As for “The Drifting Housewife,” there was a gazillion love songs, so I figured I’d write a divorce song. We could do all sorts of stuff. It doesn’t have to be political.

What are some of your political views? Are they as bleak and portentous as your lyrics sometimes indicate?

 

The world is pretty complicated. It’s a lack of people having enough knowledge of what’s happened before that really makes them freak out about shit. Obviously it’s not good to have these current economic conditions. But we’re not living in the streets and we’re not all gonna get killed by terrorists. It’s unnecessary hysteria.

There’s room to be philosophical, but it’s not the first time financial institutions have collapsed. It’s not the first recession anyone’s been bogged down in.

I was quite intrigued by “The Minotaur,” with its scraggly Captain Beefheart-like anxiety and scruffy elegiac characters.

 

It’s about modern day losers. “The Minotaur” is the offspring of a bull sent down by the gods. He’s just in a maze. And that sort of predatory depressive weirdness happens all the time, a progeny of a fucked up relationship – like the kids locked in their bedrooms getting into porn and ultra-violent video games. It’s just mysterious anti-social behavior. They’re entertaining the worst traits humans have. It’s relatively harmless, but in a stupid way. It’s all about buying a bunch of useless shit that’s obsolete in a week and you’re bored with it so you have to buy more.

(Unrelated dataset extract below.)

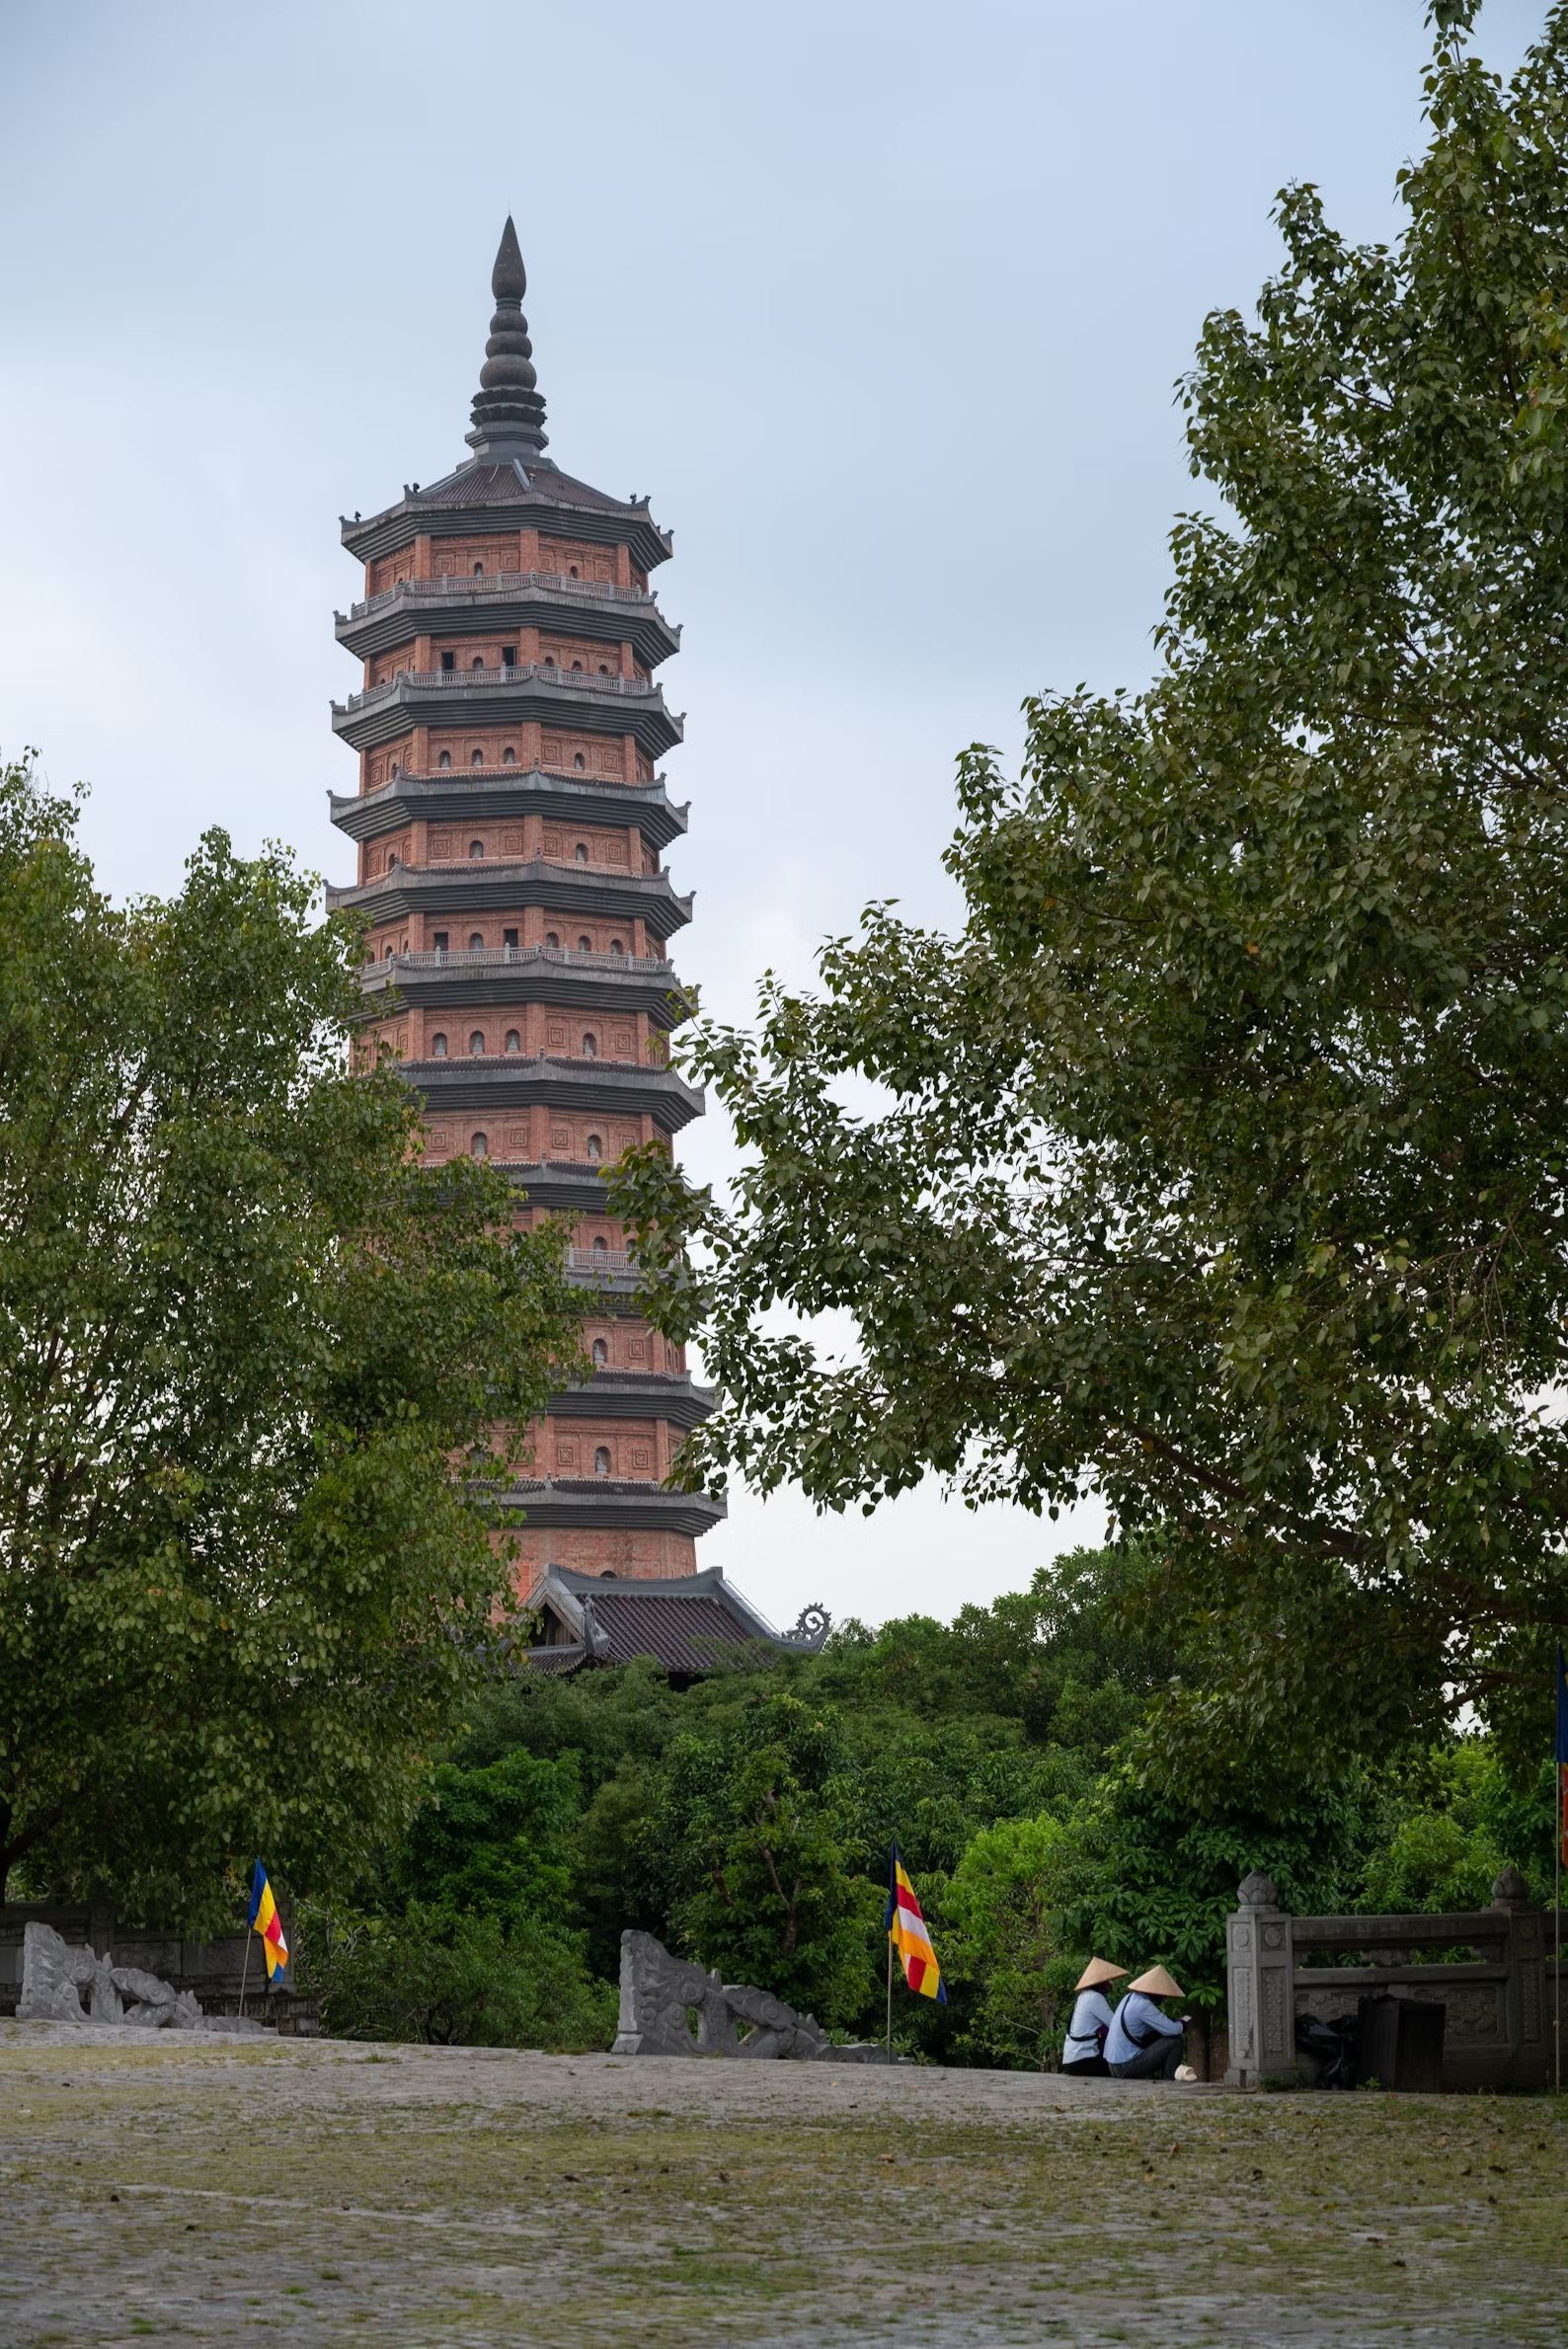 bai dinh pagoda - ninh binh

You’ve mentioned online how much Blues artists such as Blind Willie Johnson fascinate you.

 

Blind Willie Mc Tell, too. Everybody talks about Robert Johnson, and he’s cool, but there’s quite weirder, more dexterous, and stranger dudes, like Mississippi John Hurt, Fred Mc Dowell – the finger picking and the song structures. Take Hubert Sumlin, Howlin’ Wolf’s guitarist. We did a song, “De Kalb Blues,” an old Leadbelly song. We’ve done Blind Willie Johnson’s “Motherless Children.” I’m into all that fucking amazing stuff. That’s what got me into songwriting originally, rather than just Jimi Hendrix and Jimmy Page’s pyrotechnic stuff.